Making My Mum Happy is More Priceless Than Money Itself

I was very upset last week and so was my mum. I was still upset the next day and even though a few times I tried to comfort myself by saying that hey, at least it's not as if I'm broke now after buying her the $60 over shoes. I still have money that can still last me up to payday. It's just that I was upset because I wasn't supposed to spend that much again after I gave her some money to buy fabric to make new clothes for Hari Raya. Oh, I also spent $140 repairing the kitchen pipe. Oh where's they crying emoji when you need it?!!

So I was complaining about what happened the day before. Funny thing, we hardly talked during work but after work, we always seem to share our life stories together. She's years older than me and after hearing me out, she said things that struck me. Anyway, she was telling me that I was lucky because I still have a mum to buy things for, unlike her. She wants to buy her gifts but she no longer can't because her mum is no longer around.

That it got me thinking that I had been selfish. How a mother's love is priceless and yet here I am worrying about how 'little' money I had left after buying for her the shoes. It's not as if she has a cupboard full of shoes. She only had one pair which she had worn to death and had to sew on it and anytime they will just disintegrate. Like I wasn't thinking how every morning before work, she will pick out my  work clothes, iron them and then prepare breakfast like a cup of milo and at the same time, prepare my usual lunch of a butter and jam sandwich and a bottle of hot plain tea. I mean any other mothers would be like, go prepare your own clothes, your own breakfast and then your own luch. But she is doing all that in the every single morning. Even on weekends when I don't work, she will still prepare a simple breakfast and also my gym outfit which motivate me unconsciously to go to gym, but of course as you know, my other motivation is the gym guy, but that's another story.

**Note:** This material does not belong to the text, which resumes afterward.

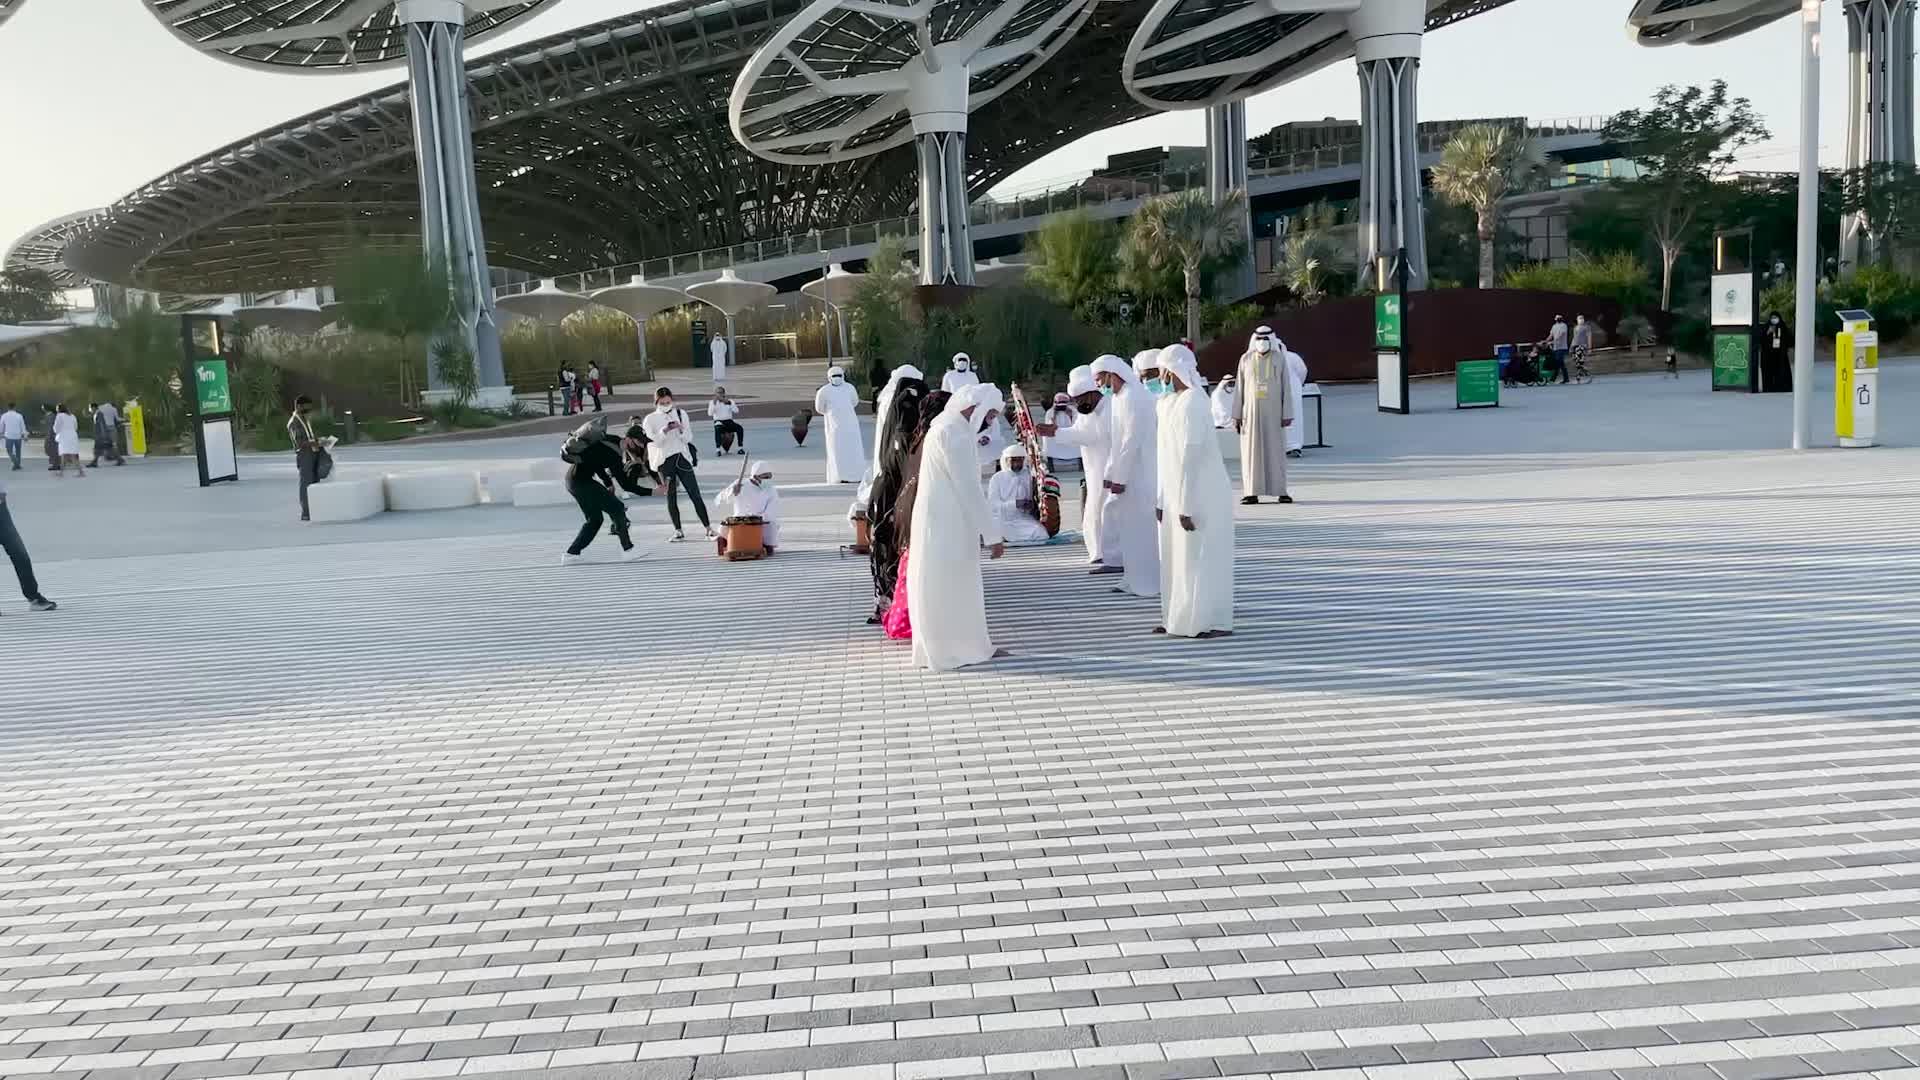 Expo Dubai, come si raggiunge l'area espositiva? Tutte le informazioni

My colleague also said you can always earn money again but you can't earn your mother's love again once it's gone. Sometimes we get carried away by money even though money itself is not evil but people's attitude towards money.  Of course, money is also important not just to assist us in our day to day living but money can also help to bring happiness towards our loved ones. How our parents brought us up painstakingly and then as we grow up, we love them less and less. How they pinned hope on us to bring them happiness like living in a nice house and be given some cash monthly so that they don't have to work and can use their time for leisure instead of just looking after us. But alas, many of these parents are still working hard just to put food on the table because their children cannot take care of them anymore as they have their own family commitments. Their wish for us to get a good education so that we can have a better future like a degree, a big house and money in the bank so that we are not poor.

Alas, some children grow up to be nothing but giving their parents constant headache by getting into unnecessary trouble or seeing their own parents as nuisance which is sad actually. I'm guilty of making my mum feel like she was not worth buying the shoes for despite the state her current shoes are in. Hearing my friend talking her toddler son by pointing to him all the big houses surrounding the shopping centre, telling him to study hard so that he can buy a house for her. Then I think about how we ourselves are struggling to give our parents happiness, let alone how we expect our own children to survive in the future when things are already so expensive nowadays.

Then it set me thinking that it's not too late for me to provide a better future for me and my mum. I want to continue to give her happiness and I want to continue to earn more money because with this money, I can afford to buy better things for  her, like a house maybe? There's a limit to saving money but there is NO limit in earning money. I don't want to be a disappointment to my mum and this I promise.